If you have no further questions, I will proceed to archive this case at close of business tomorrow.

Andy

kvwm · ‎10-25-2012

Hi singy2002,

thanks for the reply.

In the Blade is no 10GE NICs only 1GE NICs.

So I can not use the driver.

So my problem is not solved.

singy2002 · ‎10-25-2012

Actually that was also my thought initially, the NIC assuming you also have the be2net NIC is actually a 10GB NIC but dumbs down to 1GB when connected to a 1GB bladecenter switch.

Run this command on your host - SSH

esxcfg-nics -l

you will see something like:

vmnic2 0000:16:00.04 be2net Up 1000Mbps Full 34:40:b5:e0:46:f2 1500 Emulex Corporation OneConnect 10Gb NIC (be3)
vmnic3 0000:16:00.05 be2net Up 1000Mbps Full 34:40:b5:e0:46:f6 1500 Emulex Corporation OneConnect 10Gb NIC (be3)

See last column with the hardware description

ethtool -i vmnic2 (Change 2 for VMNIC ID)

You will see something like:

~ # ethtool -i vmnic0
driver: be2net
version: 4.1.334.48
firmware-version: 4.1.455.2
bus-info: 0000:16:00.0

If your driver version is 4.1.334.0 then you have the same issue as I did and the NICs are 1

kvwm · ‎10-25-2012

i will test tomorrow
thank you

tiburcio · ‎10-30-2012

just had something that looks like this issue simultaneously nuke 3 ibm hs22vs (10gb Broadcom Corporation NetXtreme II BCM57711 10 Gigabit Ethernet, bnx2x driver, vsphere build 623860). similar psod. servers chain rebooted for about an hour (a very long hour).

here's the catch... i also run an hp dl360 g7 blade chassis in the same vmware cluster, and two of those hosts also chain-psod'd at about the same time. psod for them was "no hearbeat received".

the hp blades use "Emulex Corporation NC553i 10Gb 2-port FlexFabric Converged Network Adapter"

~ # ethtool -i vmnic0
driver: be2net
version: 4.0.355.1
firmware-version: 4.1.450.7
bus-info: 0000:02:00.0

one common denominator is all these hosts were running citrix xendesktop windows 7 virtual desktops. due to previous crash issues i have a drs rule segragating all the virtual desktop vms onto these 5 hosts (3 ibm 2 hp), with another rule to keep all non-xendesktop machines off.

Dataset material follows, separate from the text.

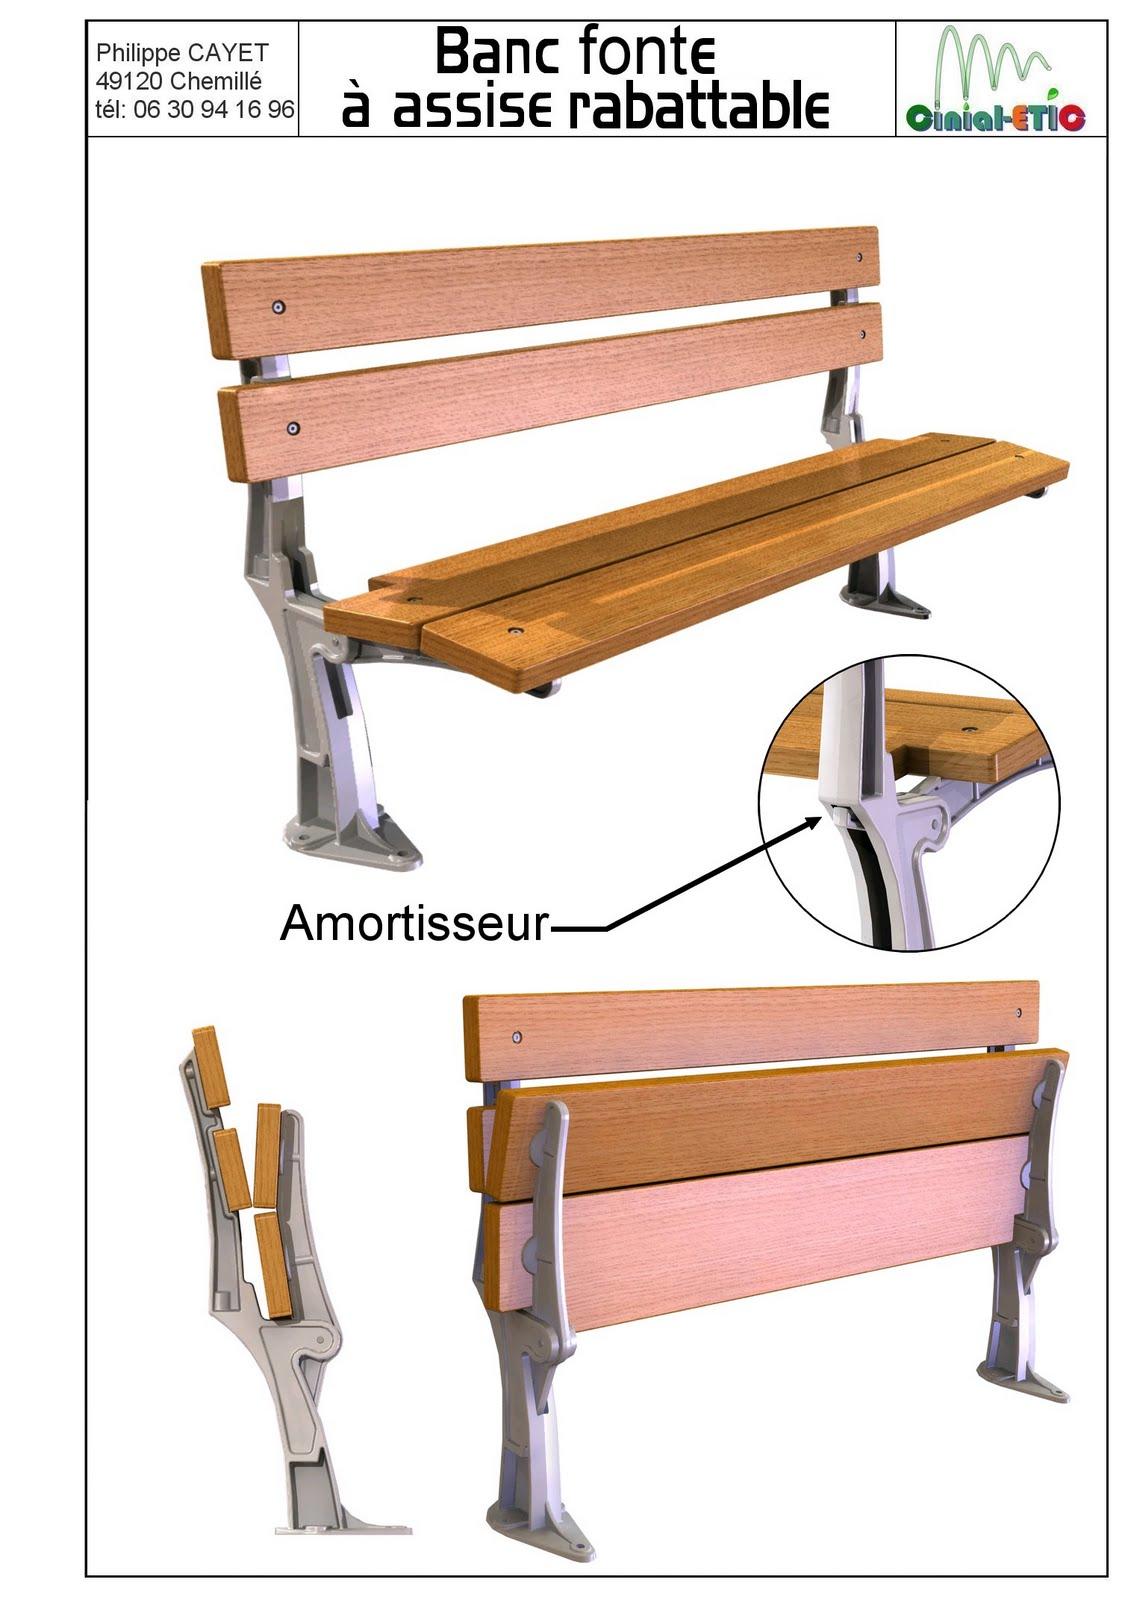 bancs fauteuils banc fonte assise repliable. Black Bedroom Furniture Sets. Home Design Ideas

All 5 virtual desktop hosts blew up, none of the virtual desktop hosts did.

the 2 hps might have been coincidence or overload-related when the ibms went down.

kvwm · ‎10-30-2012

Hi,

i try now the IBM OEM ESXi installation image. (http://www-03.ibm.com/systems/x/os/vmware/esxi/)

In the Image ist the driver: be2net version: 4.1.334.48 inclustive.

Today i install all Host newly with this Image.

(I can use max ESXi 5.0.0 / 515841 compatibility to the Stroage is my problem here )

So i will see if it works (on the Hosts is no production)........ in the past the Host go after three days in pink screen.

I give you an update.....

@tiburcio

Maybe you're trying to use the HP ESXi Image.

The Drivers is also inclusive : (http://h18004.www1.hp.com/products/servers/software/vmware/esxi-image.html)

kvwm · ‎11-05-2012

so the ESXi Server run now 5 day without problems.

i think my problem is solved.

thank you.

kvwm · ‎11-24-2012

so the problem isn't solved.

after 9 day the esxi server lose their network connection. after a reboot the pink screen was displayed #PF Exception 14 in wold ...... (screenshot in the attachment)

the last thing i have done was install the esxi server IBM OEM ESXi installation image. (http://www-03.ibm.com/systems/x/os/vmware/esxi/)

so i open a ticket at vmware support. they told me i should install this two drivers

(singy2002 has told me the same in a previous post / an yes in the blades have two 10GE Emulex NICs)

1)be2net for esx 5.x :
https://my.vmware.com/group/vmware/details?downloadGroup=DT-ESXI50-Emulex-be2net-423270&productId=28...

2)

qlogic

https://my.vmware.com/group/vmware/details?downloadGroup=DT-ESXi5X-QLOGIC-qla2xxx-9345401vmw&product...

how to:

upgrade the driver as per: http://kb.vmware.com/selfservice/microsites/search.do?language=en_US&cmd=displayKC&externalId=200520...

using vmware update manager

i hope now the problem is solved

felipunk · ‎01-30-2013

Hi Everyone.

Right now I'm facing the same issue with a slight variation, not all my hosts got a PSOD but all of them got their respective vmnic disconnected, the platform is running on an IBM Bladecenter H, 6 HS23 blades (all of them with the Emulex UCN Adapter) only two switches for the first two onboard ports (the 10Gbps nics are disconnected all the time). But I've updated the be2net driver 5 days ago.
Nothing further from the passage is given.